Выбрать главу

По сути главная тема этих двух строф — отсутствие у героини какого-либо ощущения или предчувствия близкого конца. Если бы не ее возраст, в этом не было бы ничего удивительного. Кроме того, хотя на протяжении всего цикла поэт настаивает на внезапности кончины Эммы Гарди, из других источников известно, что она страдала несколькими заболеваниями, в том числе психическим расстройством. Но, по-видимому, было в ней нечто, убеждавшее его в ее долговечности. Возможно, убеждение это было связано с представлением Гарди о себе как об игрушке в руках Имманентной Воли.

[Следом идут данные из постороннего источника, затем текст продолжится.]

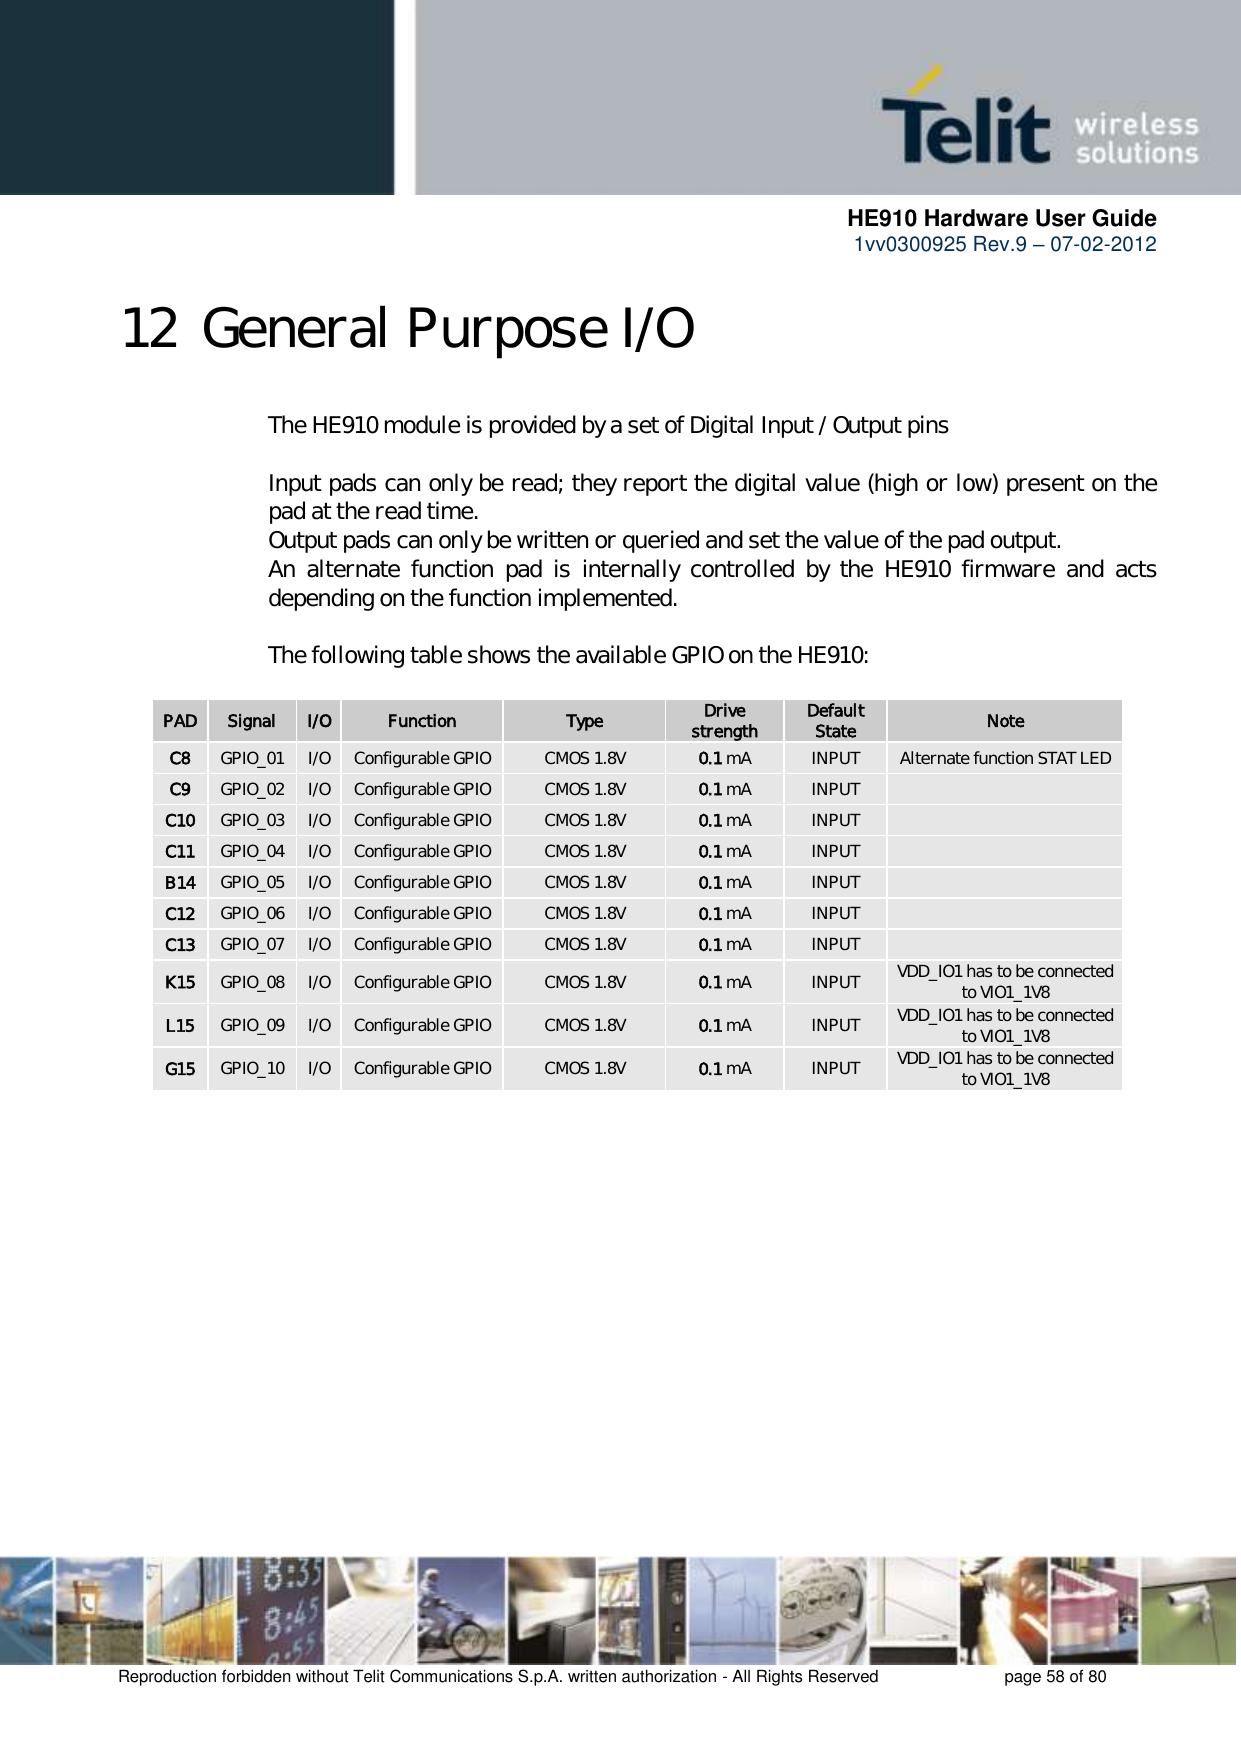      HE910 Hardware User Guide 1vv0300925 Rev.9 – 07-02-2012    Reproduction forbidden without Telit Communications S.p.A. written authorization - All Rights Reserved    page 58 of 80  12 General Purpose I/O The HE910 module is provided by a set of Digital Input / Output pins  Input pads can only be read; they report the digital value (high or low) present on the pad at the read time. Output pads can only be written or queried and set the value of the pad output. An  alternate  function  pad  is  internally  controlled  by  the  HE910  firmware  and  acts depending on the function implemented.    The following table shows the available GPIO on the HE910:  PAD Signal I/O Function Type Drive strength Default State Note C8 GPIO_01 I/O Configurable GPIO CMOS 1.8V 0.1 mA INPUT Alternate function STAT LED C9 GPIO_02 I/O Configurable GPIO CMOS 1.8V 0.1 mA INPUT  C10 GPIO_03 I/O Configurable GPIO CMOS 1.8V 0.1 mA INPUT  C11 GPIO_04 I/O Configurable GPIO CMOS 1.8V 0.1 mA INPUT  B14 GPIO_05 I/O Configurable GPIO CMOS 1.8V 0.1 mA INPUT  C12 GPIO_06 I/O Configurable GPIO CMOS 1.8V 0.1 mA INPUT  C13 GPIO_07 I/O Configurable GPIO CMOS 1.8V 0.1 mA INPUT  K15 GPIO_08 I/O Configurable GPIO CMOS 1.8V 0.1 mA INPUT VDD_IO1 has to be connected to VIO1_1V8 L15 GPIO_09 I/O Configurable GPIO CMOS 1.8V 0.1 mA INPUT VDD_IO1 has to be connected to VIO1_1V8 G15 GPIO_10 I/O Configurable GPIO CMOS 1.8V 0.1 mA INPUT VDD_IO1 has to be connected to VIO1_1V8

И хотя многие прочтут начало третьей строфы как предвестье темы вины и угрызений совести, — так же, как обнаружат эту тему во всем цикле, слова «I drove not with you» (Меня с тобою не было) — всего лишь повторная констатация нужности этого предчувствия или, если взять худший вариант, — констатация своей вероятной неспособности это предчувствие ощутить. Следующие полторы строки весьма решительно постулируют такую вероятность, исключая тем самым основания для упреков в собственный адрес со стороны говорящего. Тем не менее здесь в первый раз в стихотворение вкрадывается подлинный лиризм: сначала через многоточие, а затем — в словах «Yet had I sat / At your side that eve» (Но если б я сидел / С тобою рядом в тот вечер), — которые, несомненно, означают, что его не было рядом с ней в час смерти. Лиризм набирает полную силу в последующем «That the countenance I was glancing at» (Что на черты, в которые гляжу), где все согласные в слове «countenance» вибрируют, порождая увиденный против света силуэт пассажира, покачивающегося из стороны в сторону из-за движения экипажа. Здесь опять мы имеем дело с кинематографическим подходом, и фильм — черно-белый. Можно было бы еще сказать: «анимация», если бы это был не 1912 год.

И если бы не суровость слов «Had a last-time look» (Легла мета последнего раза) (опять-таки воображение часто опережает технику, и, как мы уже говорили, не Эйзенштейн изобрел монтаж). Эта суровость и усиливает, и разрушает почти любовную неуверенность слов «the countenance I was glancing at» (на черты, в которые гляжу), выдавая стремление поэта уйти от грез к истине, как будто эта последняя приносит больше удовлетворения.

От грез он, несомненно, уходит, но платит за это чудовищной следующей строкой, вспоминая реальные черты лица героини: «Nor have read the writing on your face» (И не прочел бы письмена на твоем лице). Здесь явная отсылка к письменам на стене, и неумолимое их уподобление ее внешности достаточно красноречиво свидетельствует о состоянии этого союза перед ее смертью. В основе уподобления — ощущение ее непроницаемости, и до сих пор речь в стихотворении шла именно об этом, поскольку непроницаемость применима к прошлому в той же степени, что и к будущему, и именно непроницаемость вообще роднит Эмму Гарди с будущим. Поэтому эквивалент слов «мене, мене, текел, упарсин»[369], прочитанный поэтом на лице у Эммы, — это вовсе не фантазия.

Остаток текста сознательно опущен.